3. Picture quality - picture quality isn't governed by any specifications. Its something you have to find out by reading reviews from online digicam sites (eg: www.steves-digicams.com ) or by getting views/experiences from a friend who owns the same camera.

4. Memory card/capacity - Most cameras come bundled with a meagre 32MB card. At high quality, you would be able to store roughly around ~ 30 pics at a time on a 32MB card, till you transfer your pics from the memory card to your PC (answering your question, yes you can transfer pictures any number of times from the memory card to your PC until you erase/format the memory card). Consider the cost of a memory card in addition to the cost of the digicam when you go shopping for one. Different cameras use different types of memory cards. The prevailing type is CompactFlash cards, while SecureDisk / MultiMediaCards are prevalent in compact/small-sized digicams. Sony cameras exclusively use the Memory stick format.

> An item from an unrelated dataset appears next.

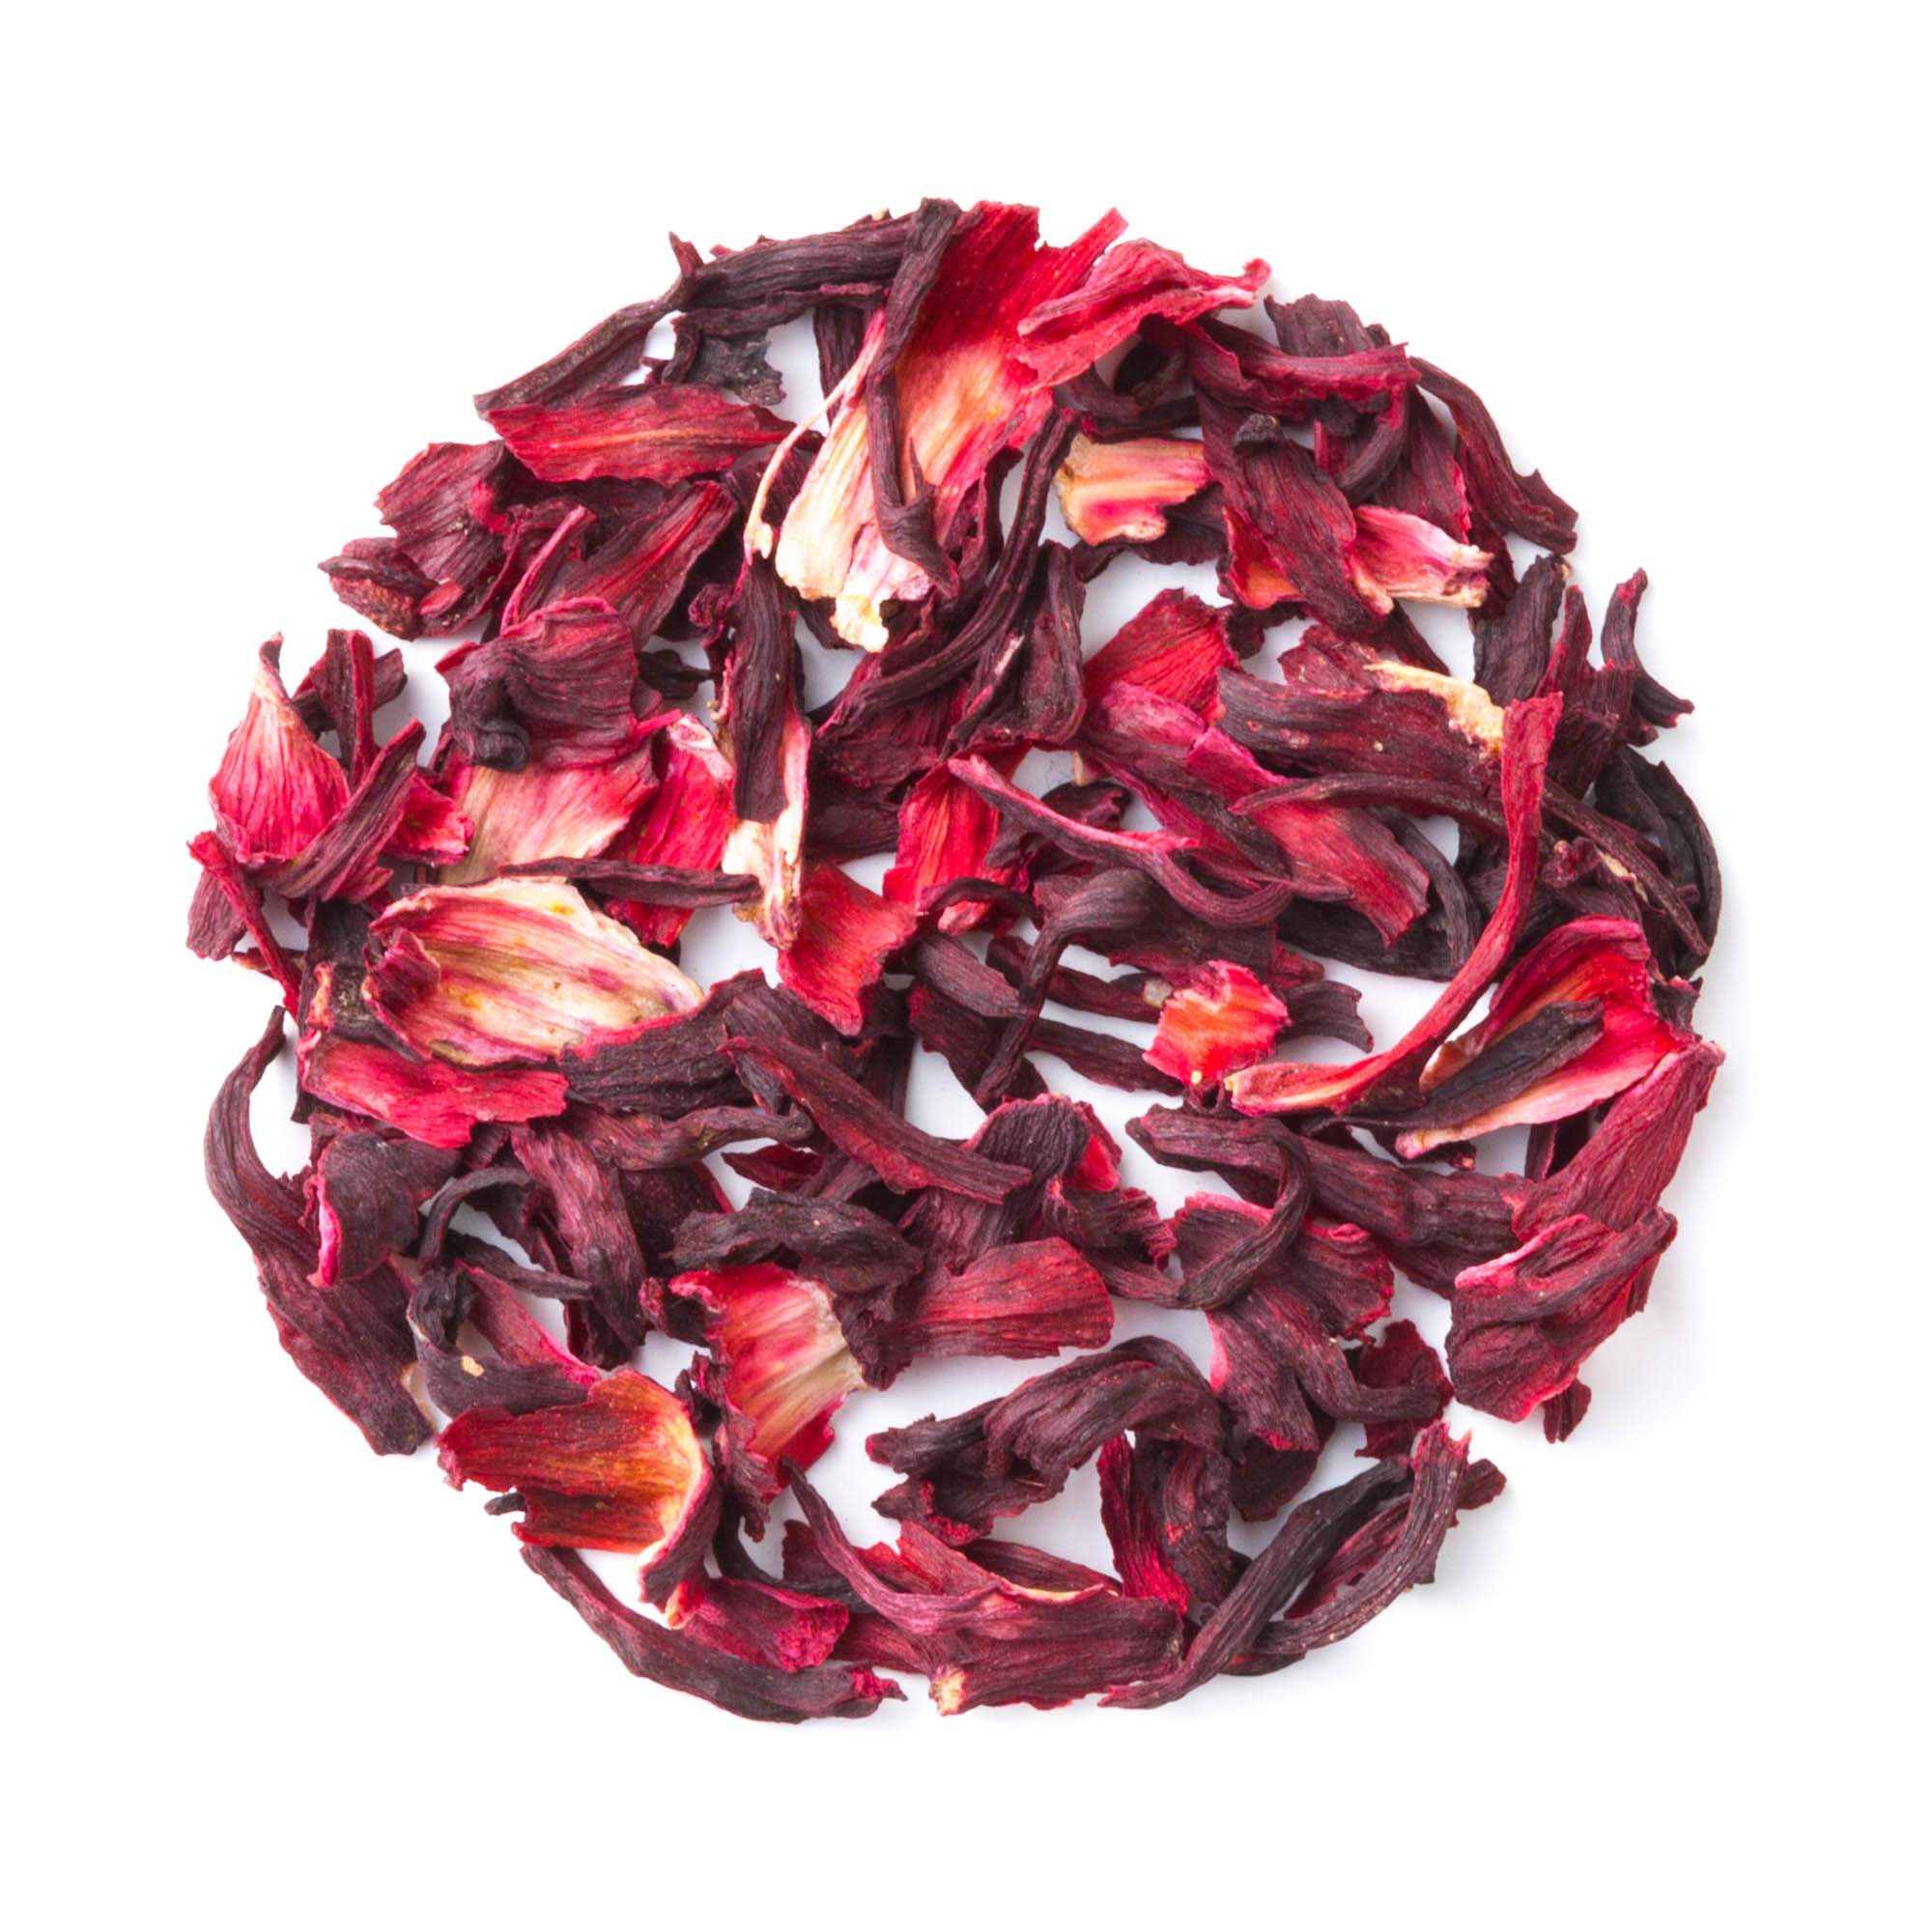 Organic Hibiscus - Loose Leaf Herbal Tisane - Naturally Caffeine Free - Antioxidant Rich - Heavenly Tea Leaves

5. Advanced features - some digicams are simple "point and shoot" types. There are some that have more advanced features like letting you play with aperture/shutter speed settings, etc. If you do not intend to play around with all those settings you need not consider a camera with one.

Most photo studio labs these days are equipped to handle digital photos and these labs tend to offer prints from digital cameras at the same price of prints from a traditional photo film.


----------